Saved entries
*-*-*

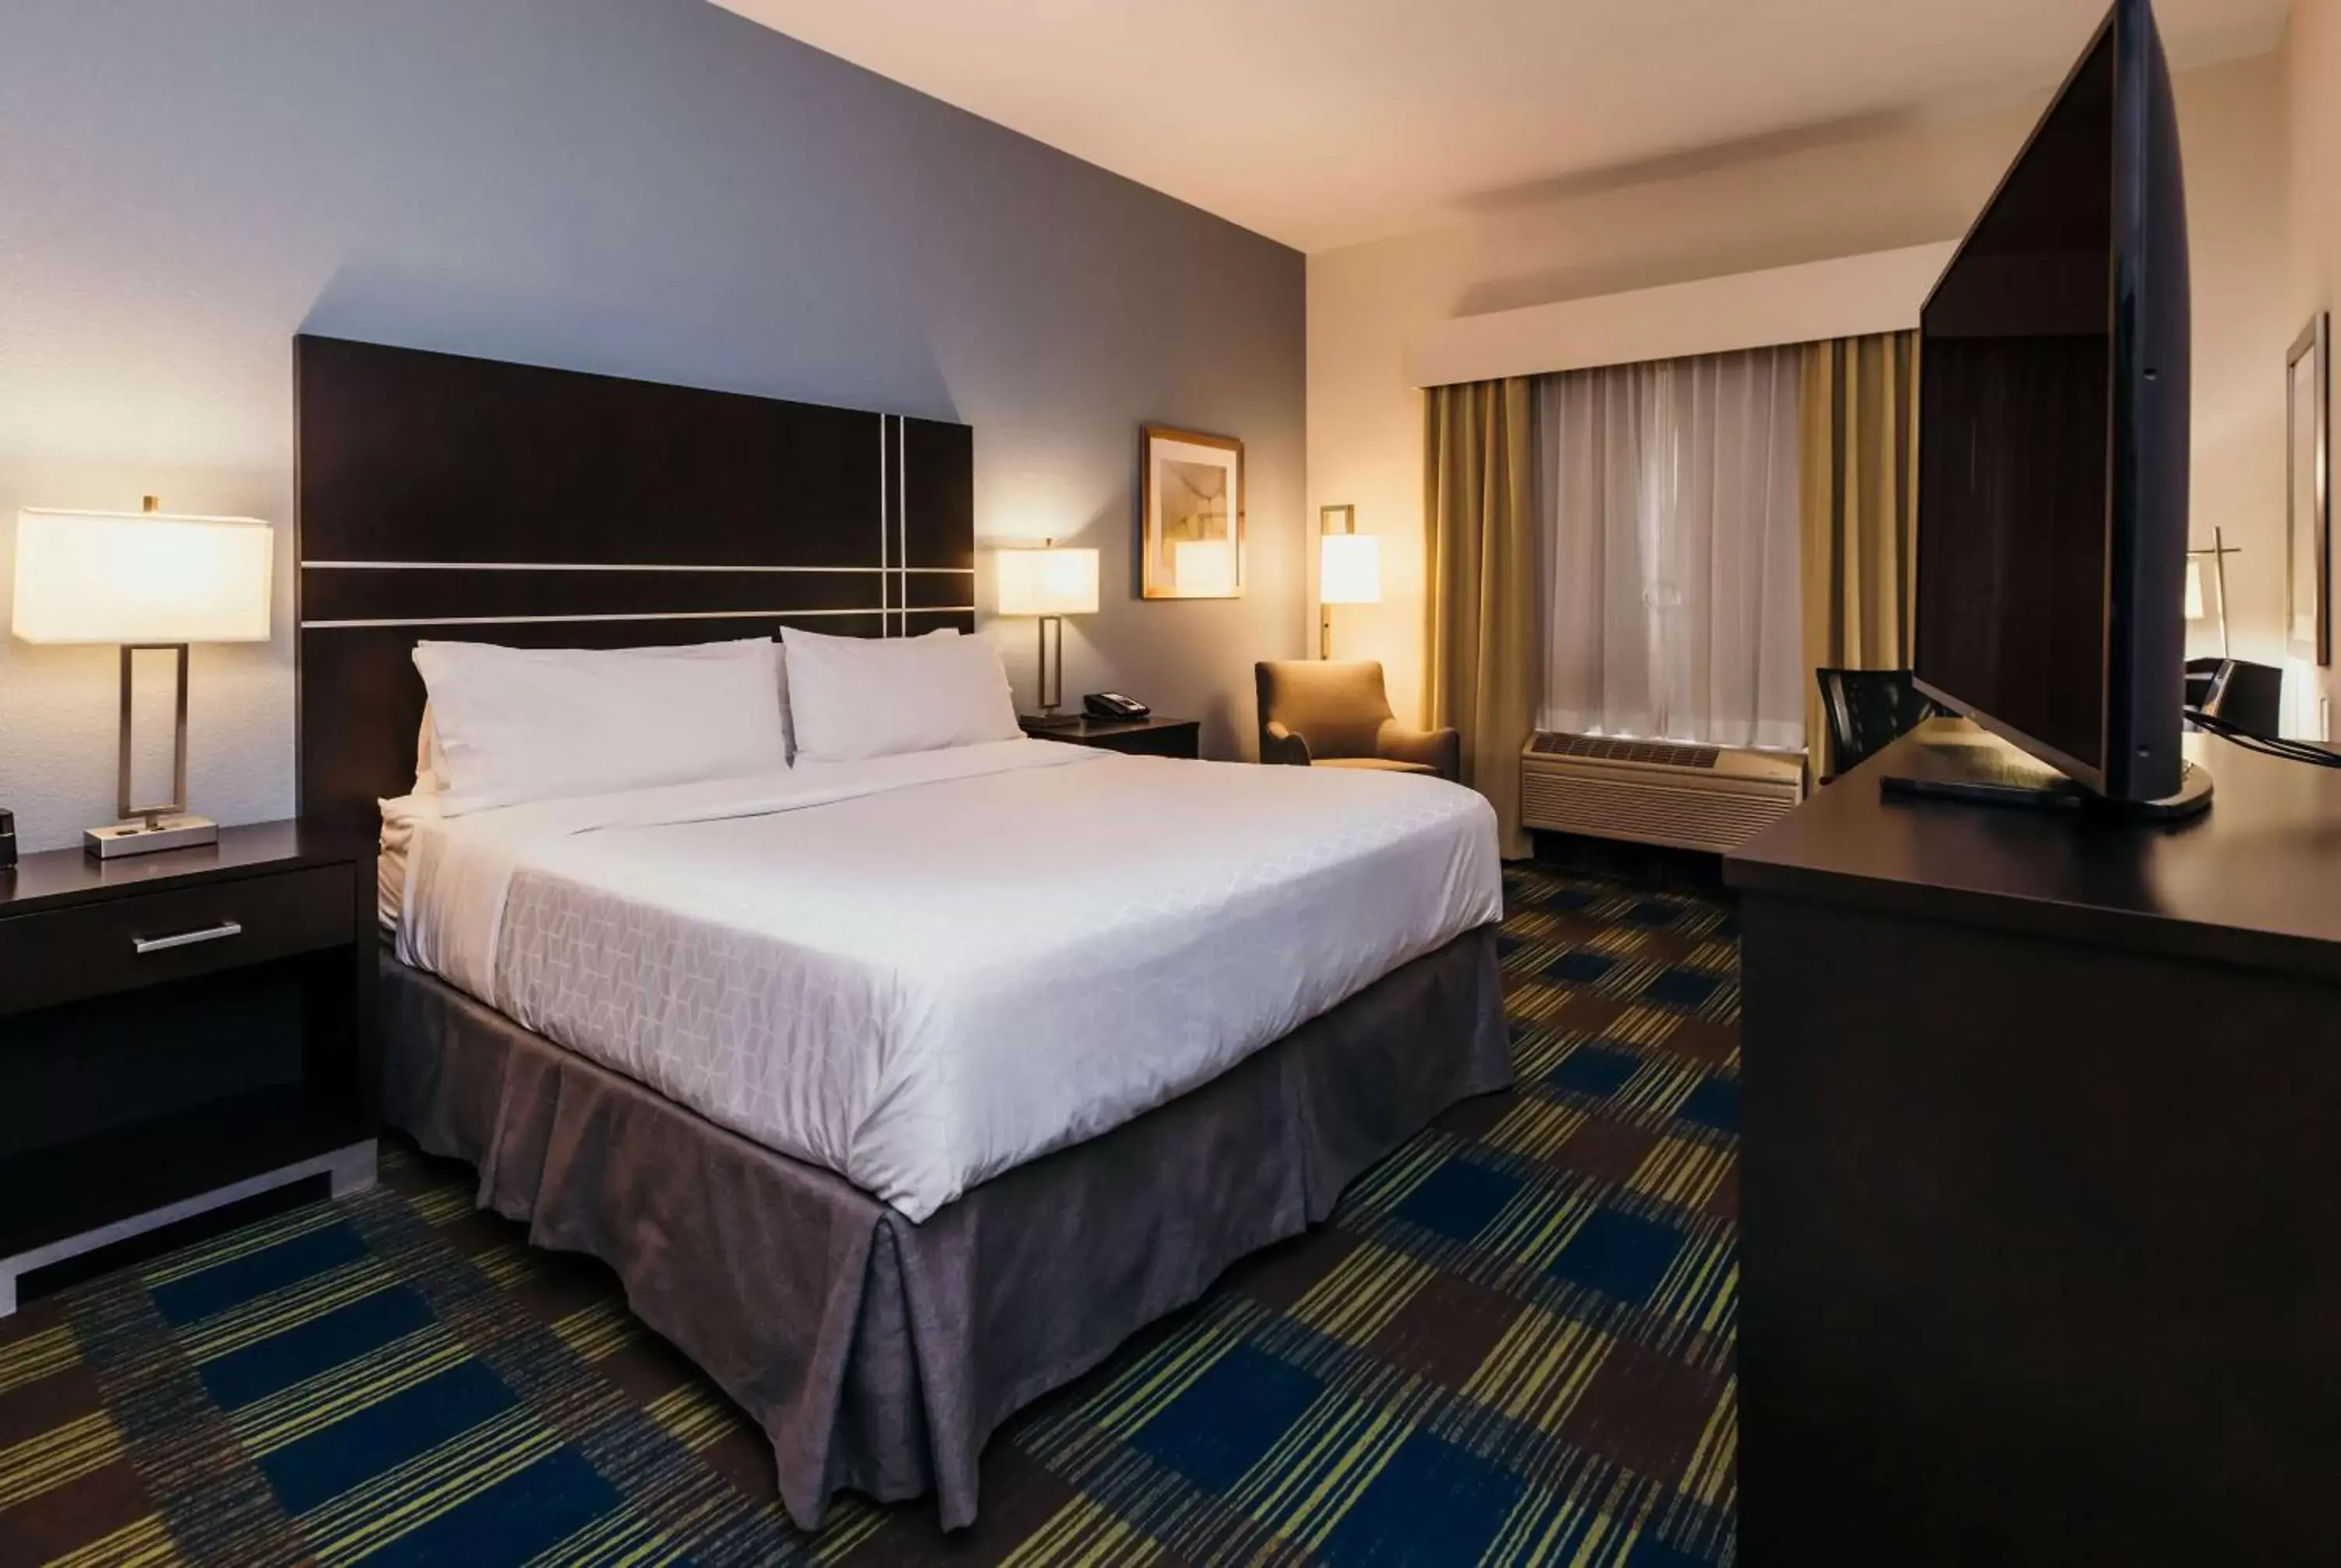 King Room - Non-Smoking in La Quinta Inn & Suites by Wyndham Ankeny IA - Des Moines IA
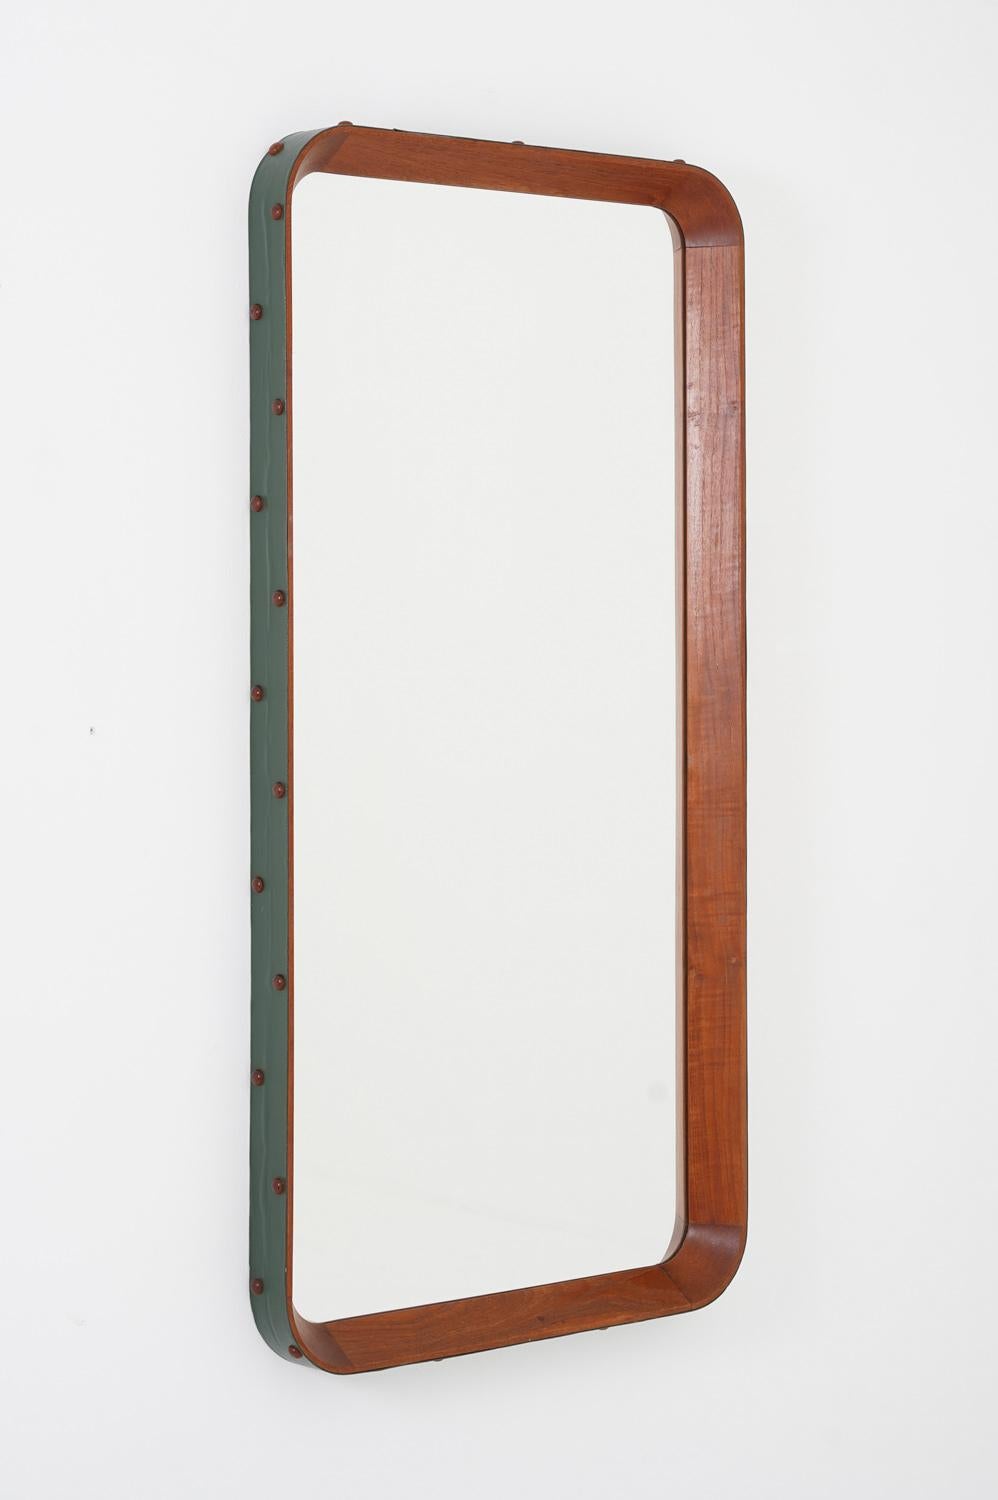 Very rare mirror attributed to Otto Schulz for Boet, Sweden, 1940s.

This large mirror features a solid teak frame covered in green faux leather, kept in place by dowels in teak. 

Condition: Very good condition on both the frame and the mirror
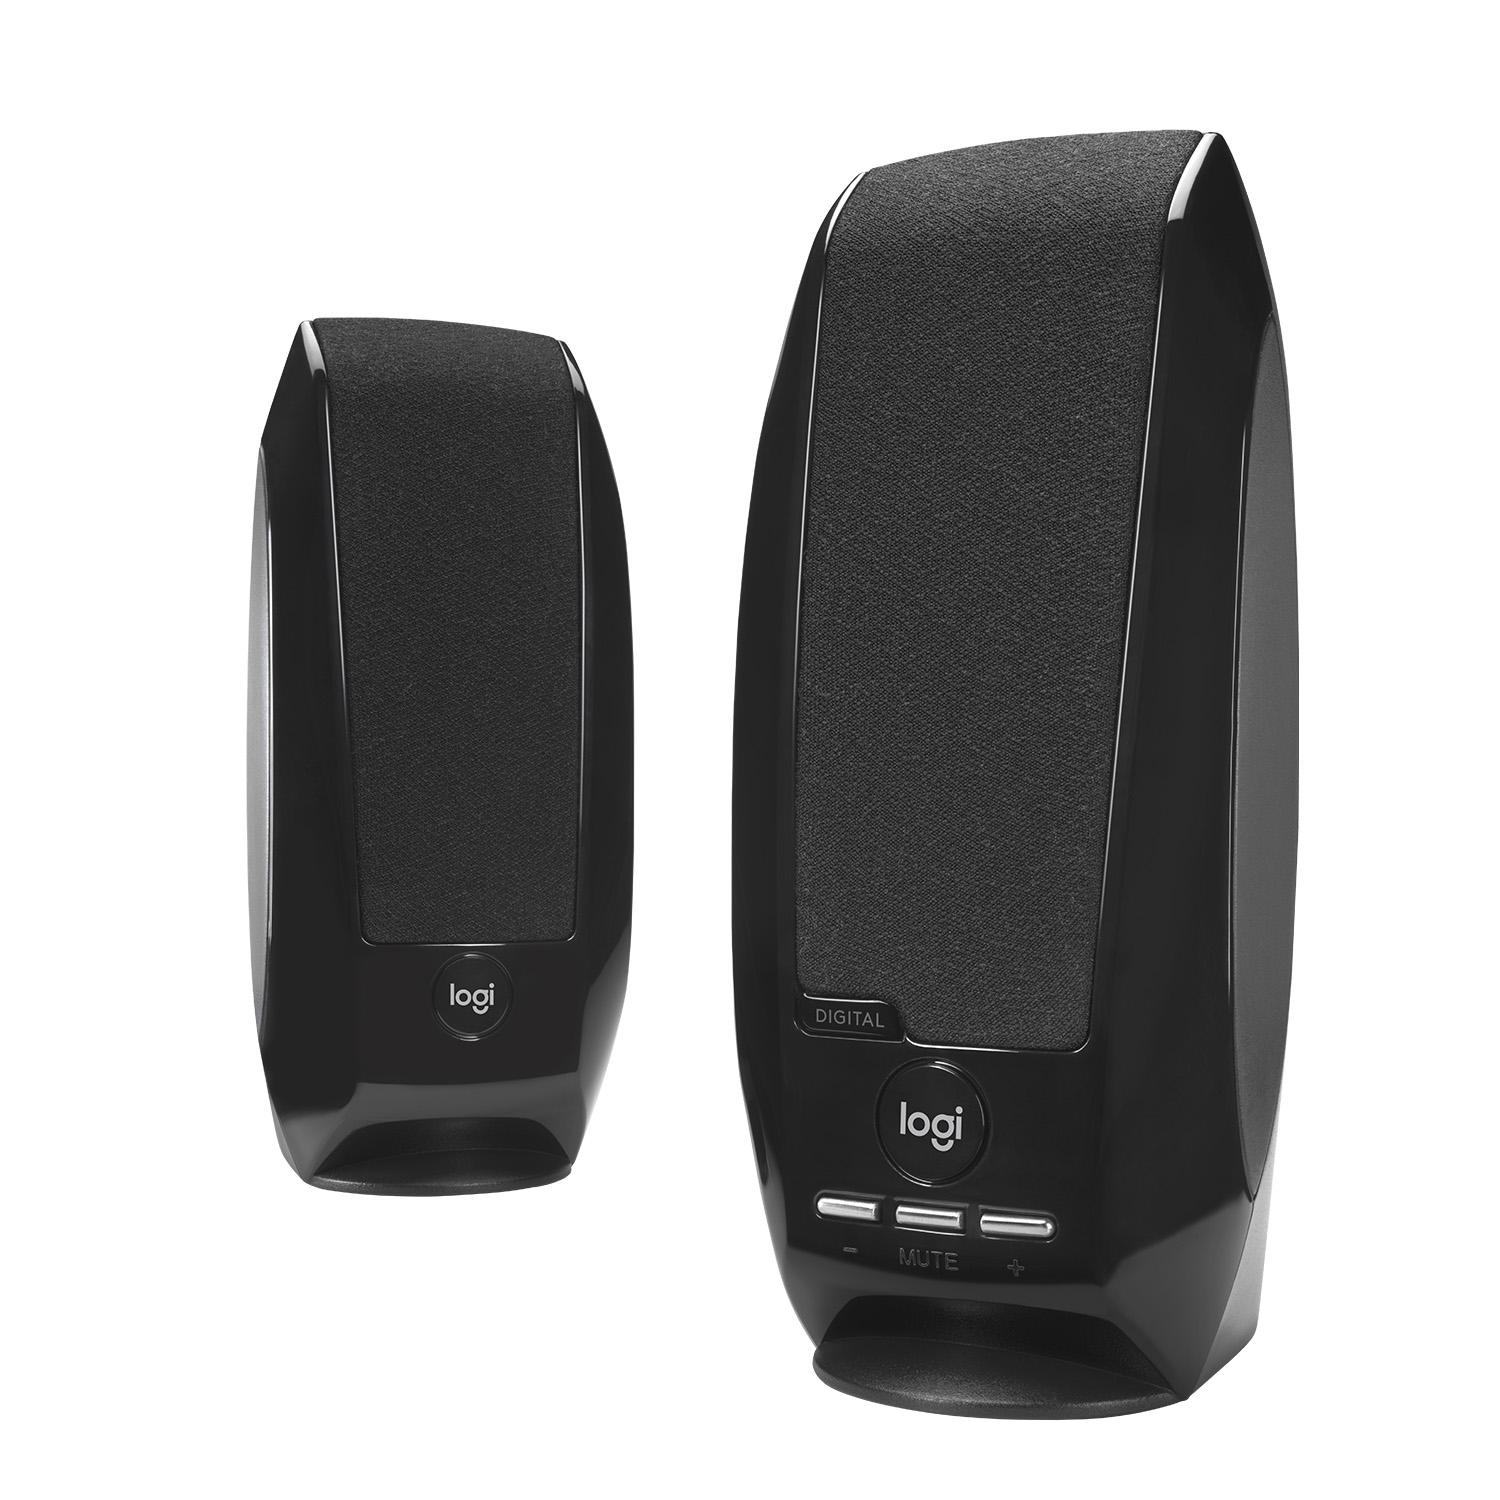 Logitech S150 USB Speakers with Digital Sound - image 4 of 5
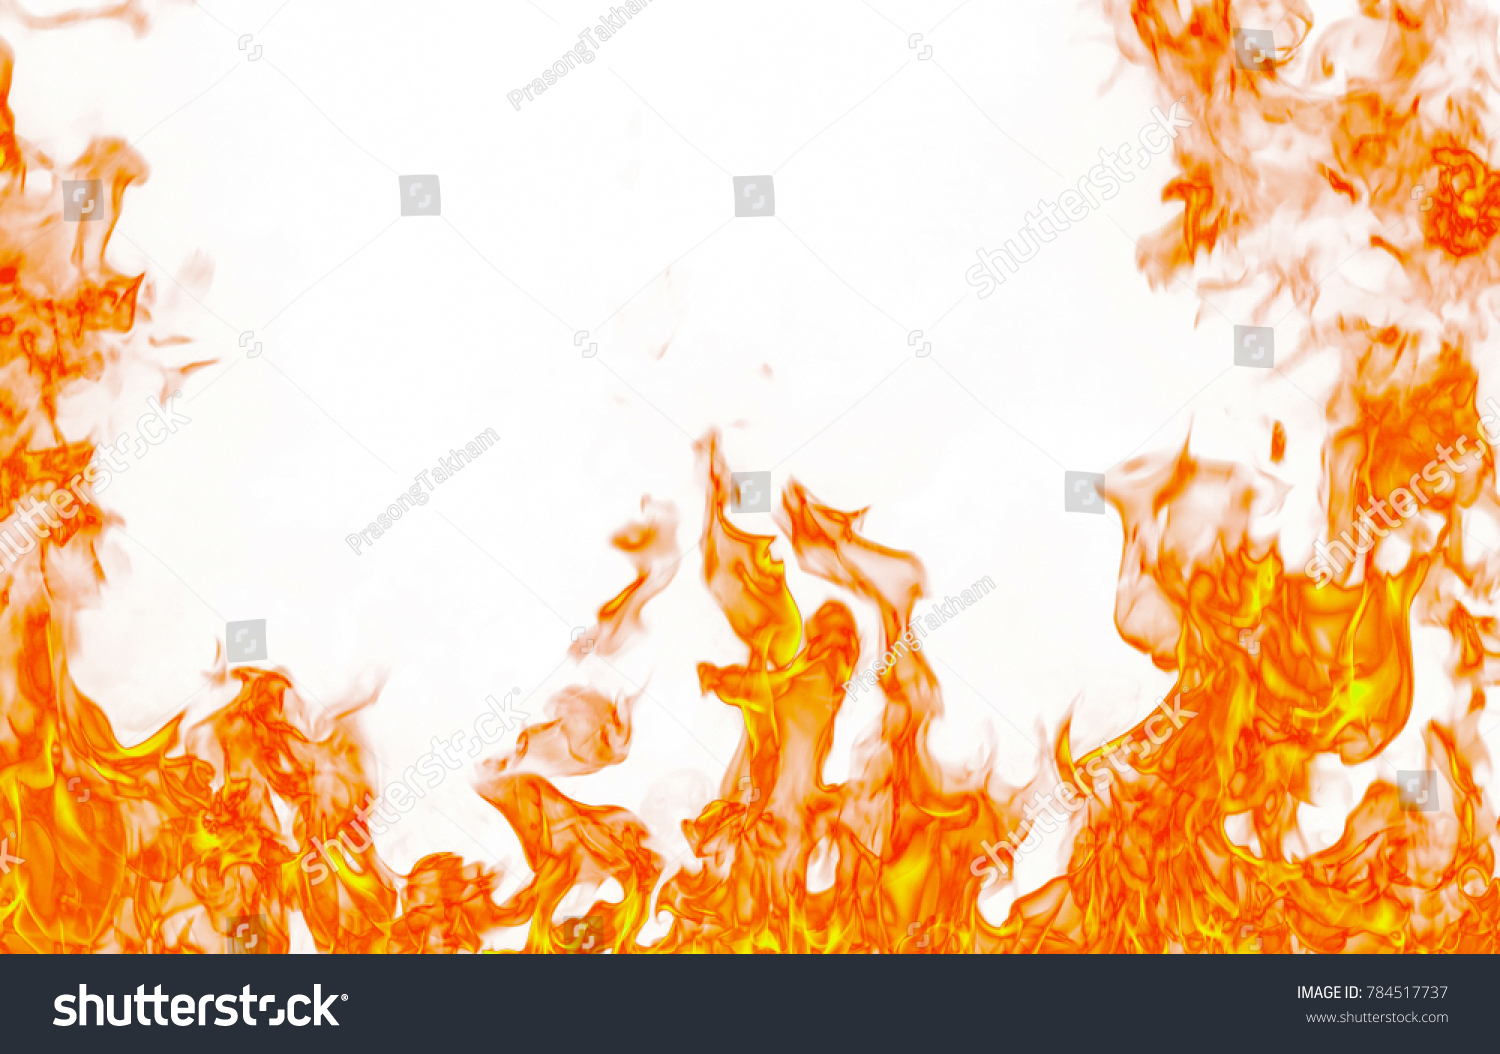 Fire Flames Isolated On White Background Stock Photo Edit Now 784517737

*-*-*

▸ ACTIVITY: Print the lines from the one that contains "This large mirror" through the last line of the data, exactly and in full, and no other lines. Pictures are not part of the copy.

▸ TASK RESULT:
This large mirror features a solid teak frame covered in green faux leather, kept in place by dowels in teak. 

Condition: Very good condition on both the frame and the mirror
 Logitech S150 USB Speakers with Digital Sound - image 4 of 5
 Fire Flames Isolated On White Background Stock Photo Edit Now 784517737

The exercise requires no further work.